Re: Bernoulli (horizontal)

[Ludwik Kowalski <kowalskiL@MAIL.MONTCLAIR.EDU>]

Ludwik Kowalski wrote:

> Presumably the system is water between the two pistons
> The naive explanation of the observed increase of KE is
> "because the volume of the liquid must be conserved."
> A more sophisticated explanation is the work-energy
> theorem applied to the CM of the system. The net work
> is equal to deltaKE.
>
> Suppose the setup is horizontal; the tube becomes narrower
> but the average PEgrv of "parcels of water" does not change
> along the tube. In that simple case we have
>
> P1+0.5*rho*v1^2=P2+0.5*rho*v2^2.
>
> where P is pressure. Is it OK to say that P is also the energy
> per unit volume (because N/m^2=J/m^3)? We know that P
> decreases along the tube as the cross sectional area becomes
> smaller. The situation looks like an energy transformation;
> process. Bernoulli tells us that P decreases by the same
> amount by which the KE (also per unit volume) increases.
> What is wrong with saying that P is the "mechanical energy
> of pressure," per unit volume?

Here is one more comment on the above.

If P1 and P2  are "local energies per unit volume" then the
total "pressure energy" of the system is the sum of all P'*V,
where P' is the mean pressure and V is the volume of the
system (liquid between the two pistons). Note that the
volume of our system does not change while P is decreasing.
Therefore the amount of "pressure energy" lost by a small
parcel of water (volume V'), when it is pushed by dx, should
be V'*dP. What is dP? It the product of the gradient of P (along
the progressively narrowing pipe) and dx. The "pressure energy
of each parcel  of water decreases by V'*dP while its kinetic
energy increases by the same amount.

No heat is generated and the total mechanical energy is
conserved. What is wrong with inventing a new form of
energy and keep the "general idea" of conservation of E?

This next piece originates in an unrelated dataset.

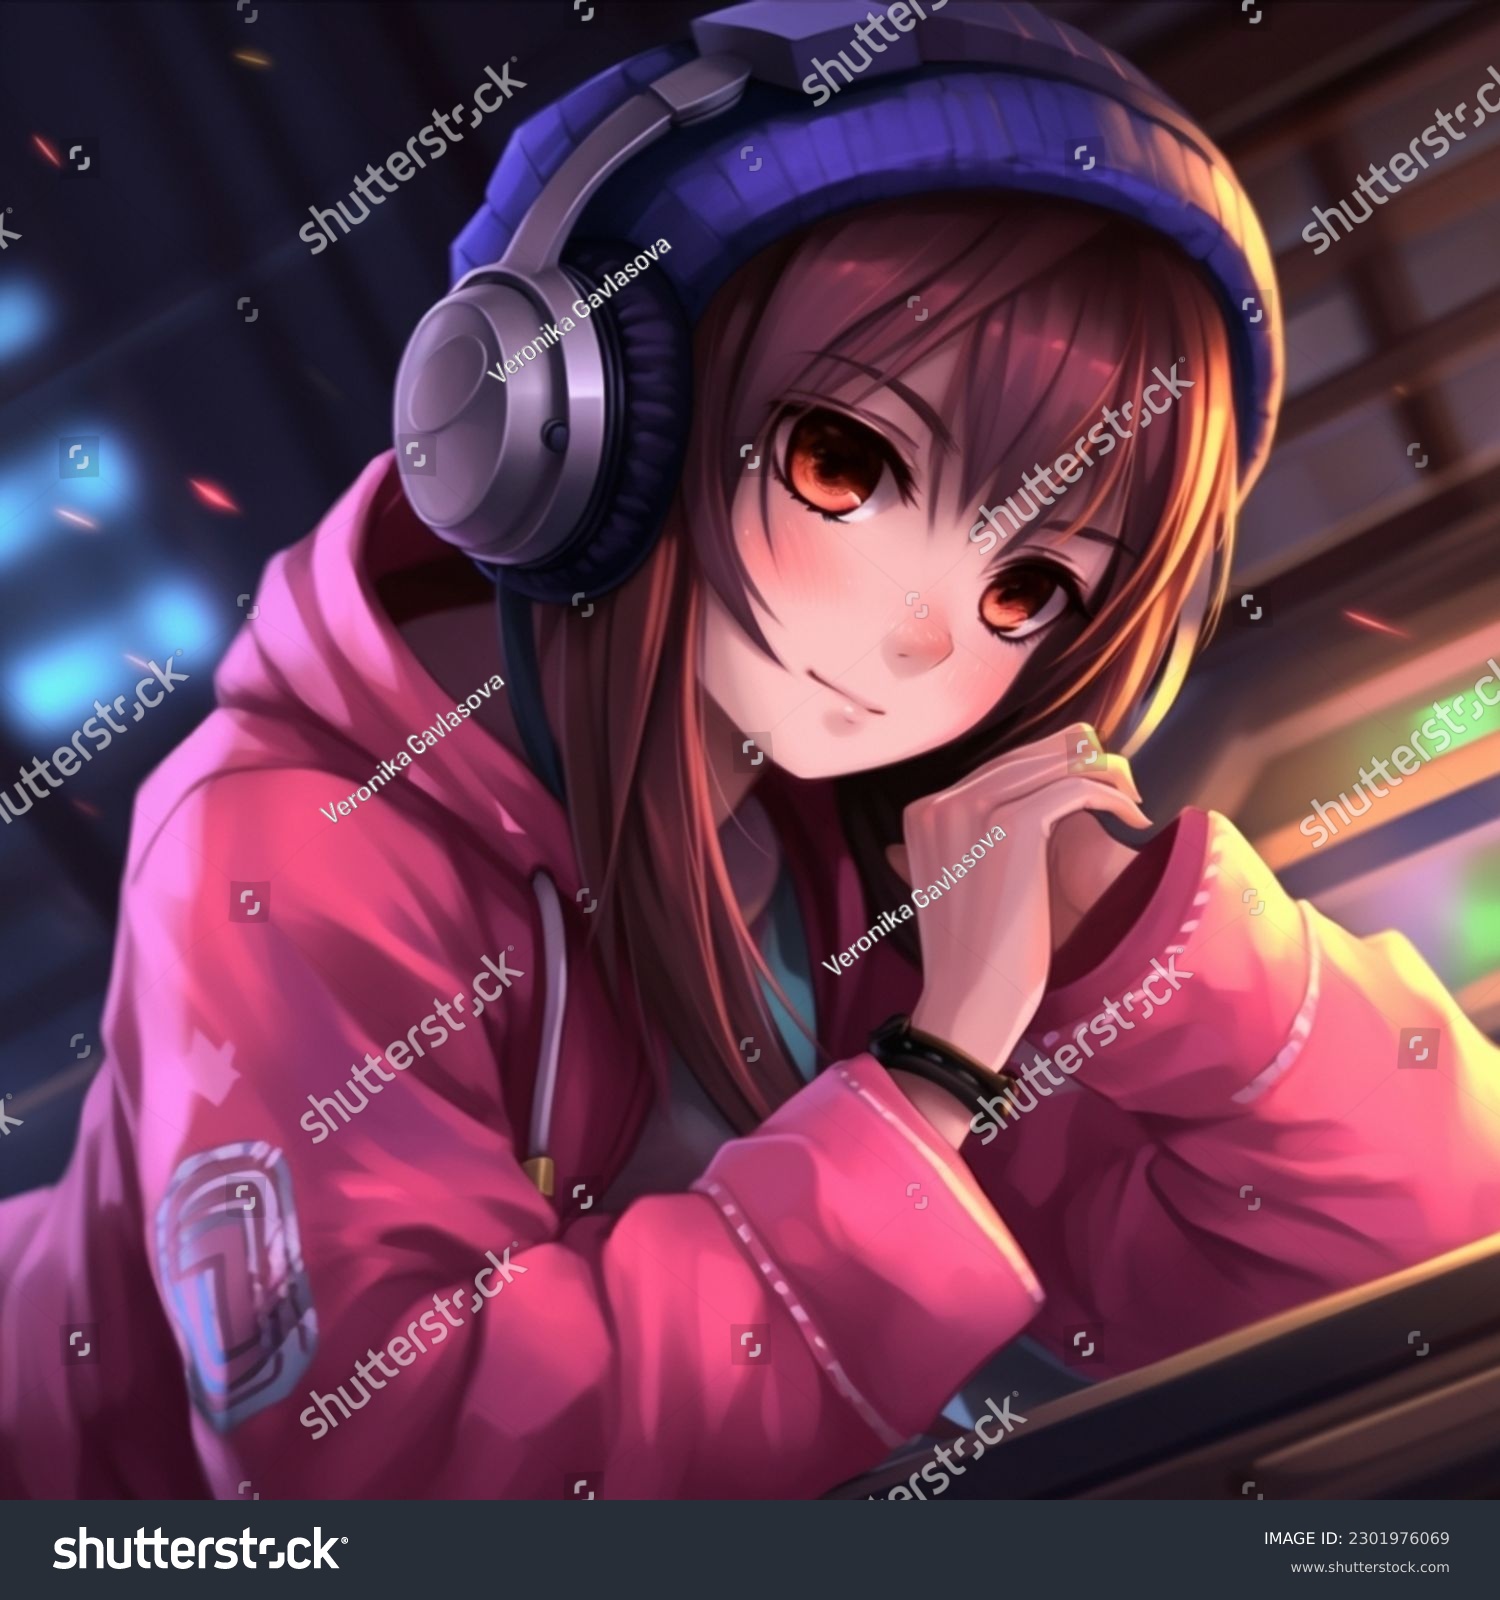 derek bergeron add photo manga girl with headphones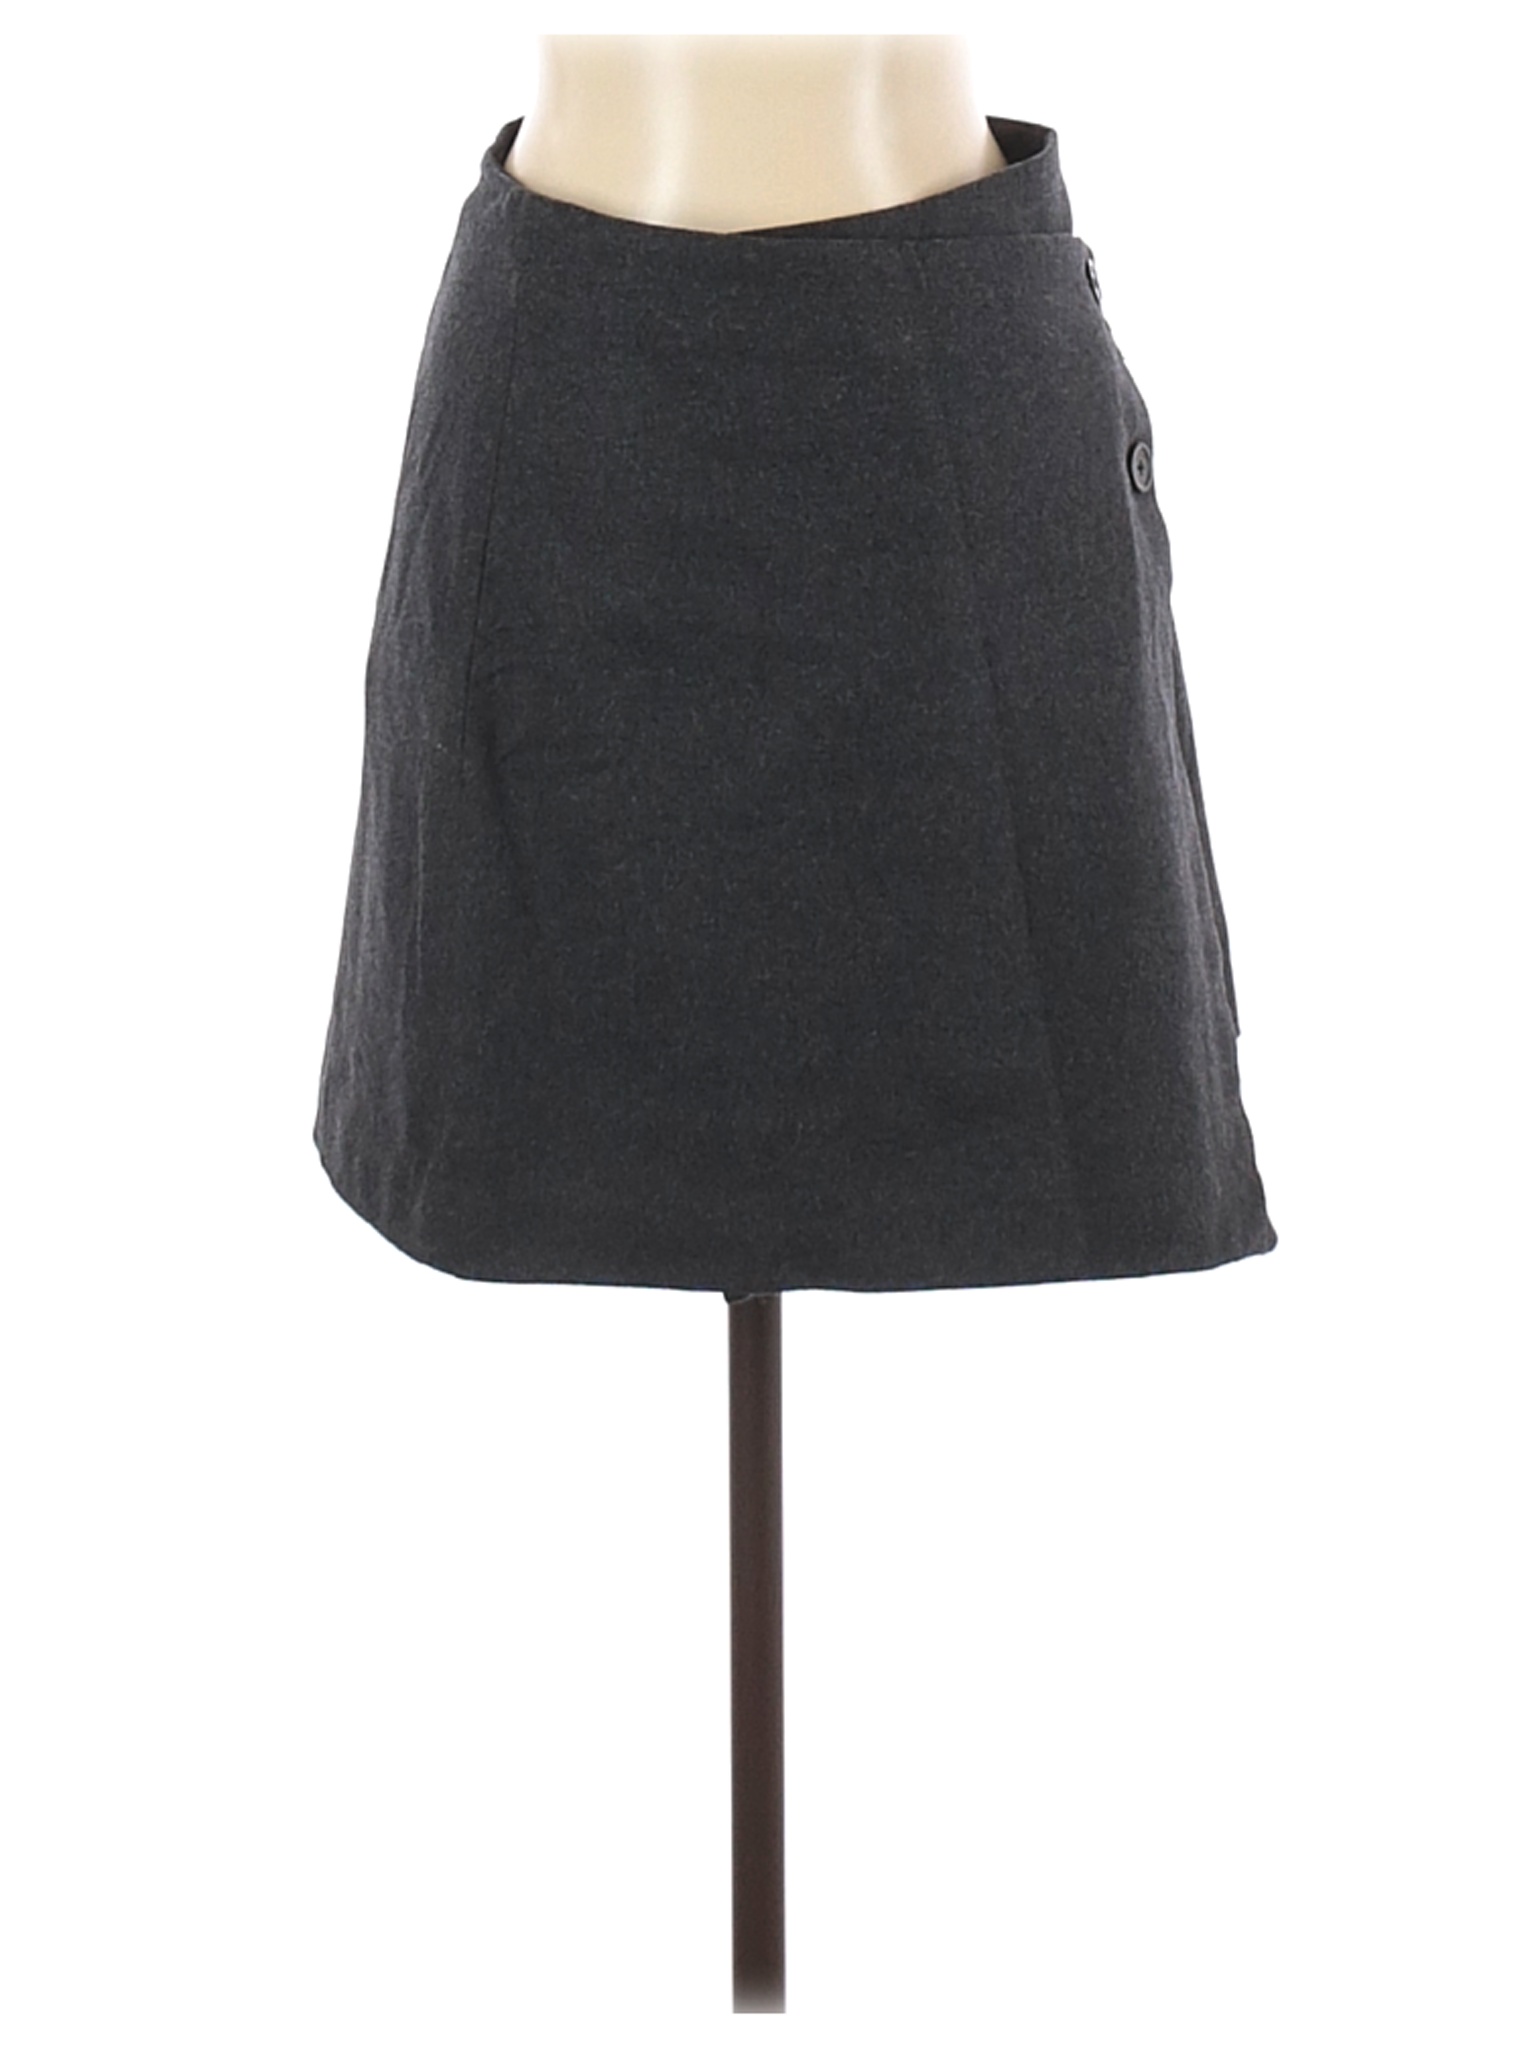 Wilfred Women Gray Wool Skirt 2 | eBay

The V'*dP reminds me the P'*dV work for a gas. By
integrating P'*dV, for example along an isothermic path,
we get the total work done on the system. Likewise, by
integrating V'*dP, for example along the constant gradient
pipe, we will calculate the total number of joules. Should
it be called work done on the liquid or should it be called
"pressure energy" lost by the liquid when its kinetic energy
is increased by the same amount, and at the same time?

I suppose somebody will say "neither"; it is only "energy
in transfer" through this mechanical engine. How does
the Bernoulli pipe differ from other "simple machines?"

Silly speculations? Hmm. Where am I wrong?
Ludwik Kowalski